Usual Database Settings
Some constraint violations may arise when using database batch with nested create-entities. Switch batch off. If the problem does not occur any more, stick with non-batch generation. Otherwise you need further investigation. When using Oracle, a constraint violation typically looks like this:
java.sql.SQLException: ORA-00001: Unique Constraint (MYSCHEMA.SYS_C0011664) violated
It contains a constraint name you can look up on the database like this:
select * from user_constraints where constraint_name like '%SYS_C0011541%'
The query result will tell you the table name and the constraint type. The constraint types are encoded as follows:
P: Primary key constraint
U: Unique constraint
R: Foreign key constraint
'value too large for column' in Oracle
Depending on the character set, oracle may report a multiple of the real column with, e.g. 80 instead of 20. So, automatic generation of varchar2 columns may fail. This typically results in Exceptions like this:
java.sql.SQLException: ORA-12899: value too large for column "SCHEM"."TBL"."COL" (actual: 40, maximum: 10)
This is Oracle bug #4485954, see http://www.oracle.com/technology/software/tech/java/sqlj_jdbc/htdocs/readme_jdbc_10204.html and
The solution is using the newest JDBC driver, at least 10.2.0.4 or 11.0. BTW: It is backwards compatible with the Oracle 9 databases.
Time is cut off in Oracle dates
Oracle changed back and forth the mapping of internal types to JDBC times in Oracle 8 and 11, the mapping in Oracle 9 and 10 is wrong, see http://www.oracle.com/technetwork/database/enterprise-edition/jdbc-faq-090281.html#08_00 . In order to fix the behaviour, use the newest available Oracle 11 JDBC driver you can get, it is backwards compatible down to Oracle 9 and provides a proper mapping of the date type for all Oracle database versions.
Benerator expects single-valued ids. It does not automatically support composite keys and composie references
Since composite keys typically have a business meaning, most composite keys cannot be automatically generated. So there is no need to support this.
If you encounter a composite key, manually configure how to create each key component.
Importing Excel Sheets
For a beginner it is sometimes confusing, how Benerator handles imported Excel sheets. For this task it completely relies on the cell type configured in the original sheet. So if you have a Date cell in the Excel sheet and format it as number or text, benerator will interpret it as double or string.
Another popular error comes from columns that contain long code numbers and have the the default format: They are imported as numbers and e.g. leading zeros are lost. In such case explicitly format the column as text in Excel.

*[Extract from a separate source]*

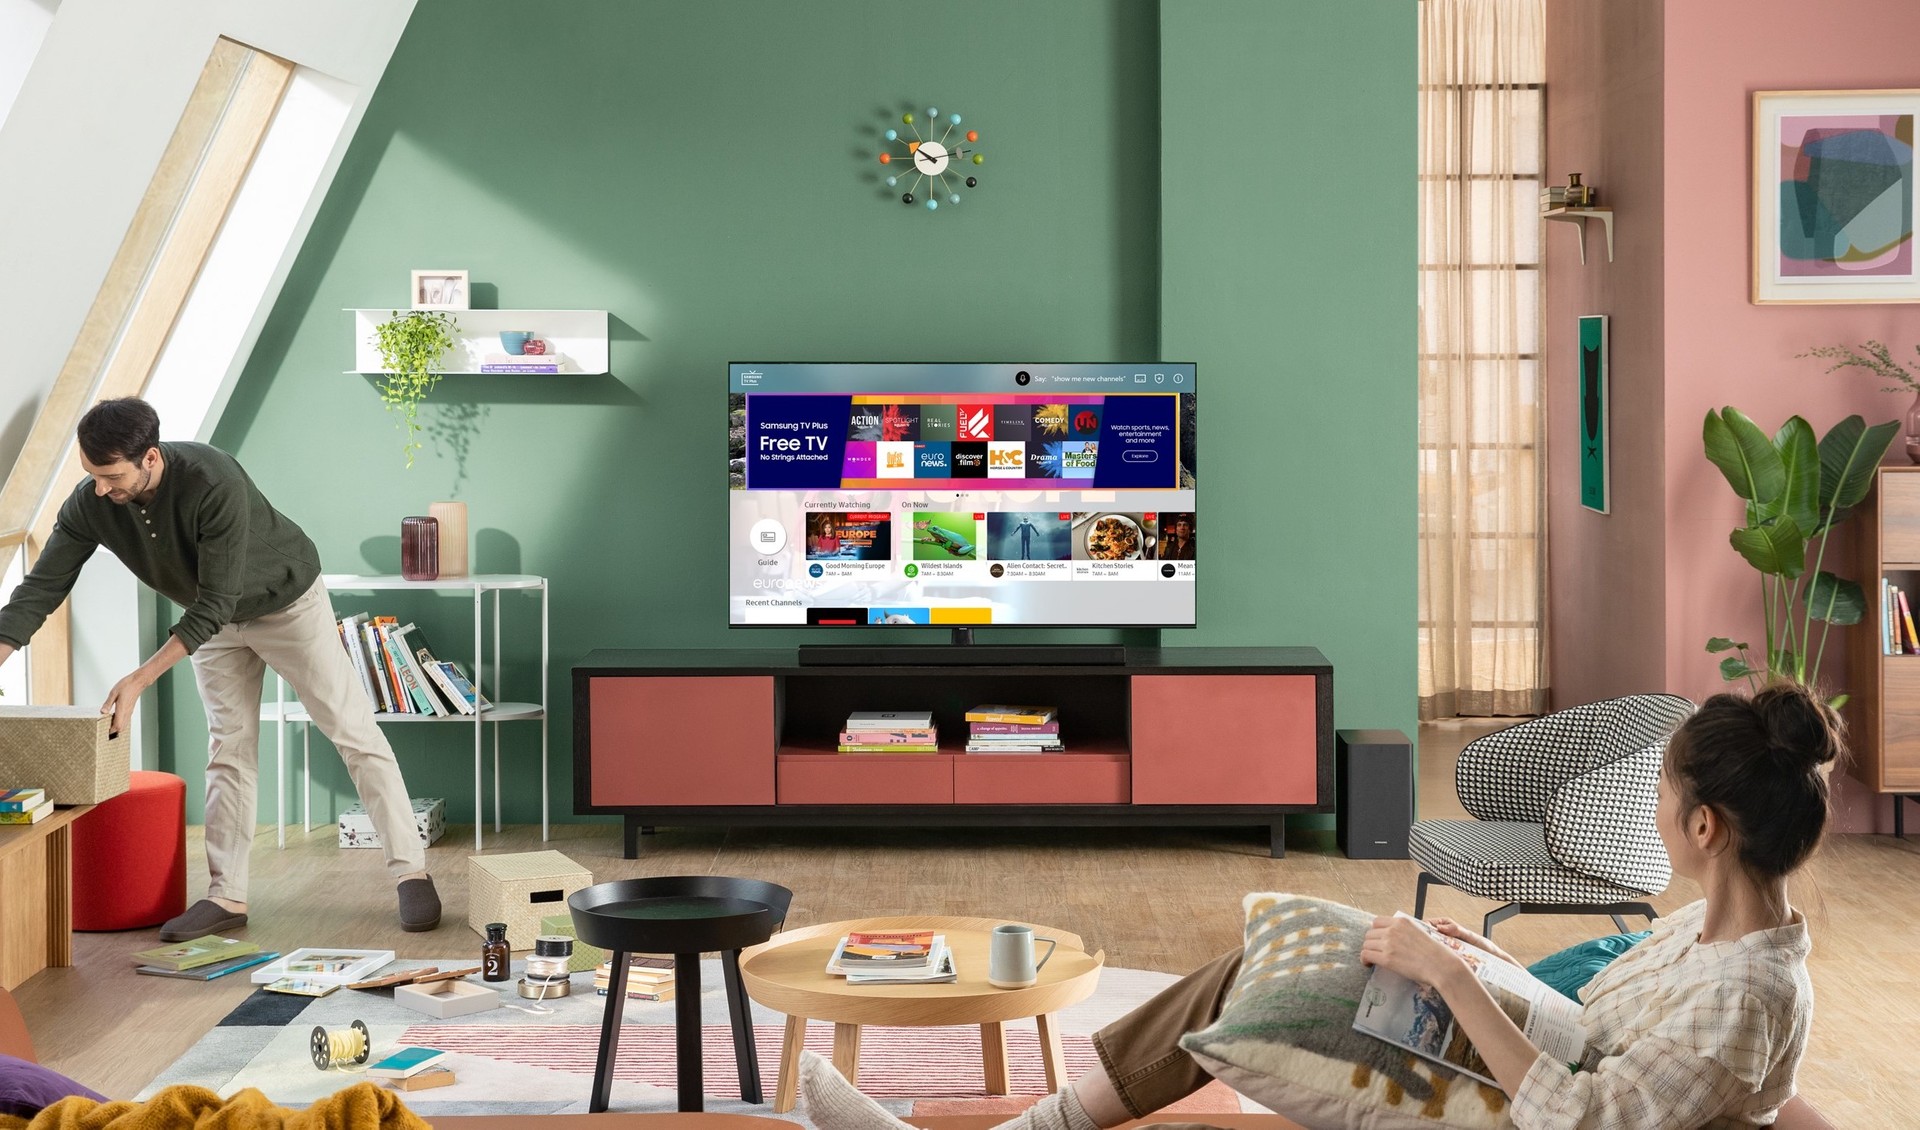 Samsung TV Plus enriquece la oferta gratuita con una nueva actualización

Apache POI represents all numbers as variables of type 'double'. So there are numbers which are simple in decimal format but not so in binary: when importing the number 1.95 from an Excel sheet, the user gets a value of 1.95000000002. For now you need to round the values yourself, e.g. by a converter.
Number Generation on Oracle
When generating very large decimal values (> 1.000.000.000) in an Oracle database you may observe that smaller numbers are written to the database, losing some trailing zeros or even cutting the whole number to a decimal with one prefix digit and several fractional digits. This results from a bug in Oracles older JDBC drivers and can be fixed by using the newest driver version (note that you can even use 11.x JDBC drivers for 10.x databases).
Unknown Column Type
If your application makes use of a database's proprietary column types, you may run into an exception when Benerator encounters it. If you know how to create and handle data for this column type, you can do so by configuring the database to accept unknown column types :
<database ... acceptUnknownColumnTypes="true">
Table 'X' not found in the expected catalog 'Y' and schema 'Z'
This message tells you, that you database configuration is wrong. Check and fix the 'schema' and 'catalog' settings in your database configuration, e.g.
<database … catalog="main" schema="Z" />
or your environment configuration, e.g. xyz.env.properties:
Note: On most systems (e.g. Oracle, HSQL) no catalog needs to be specified.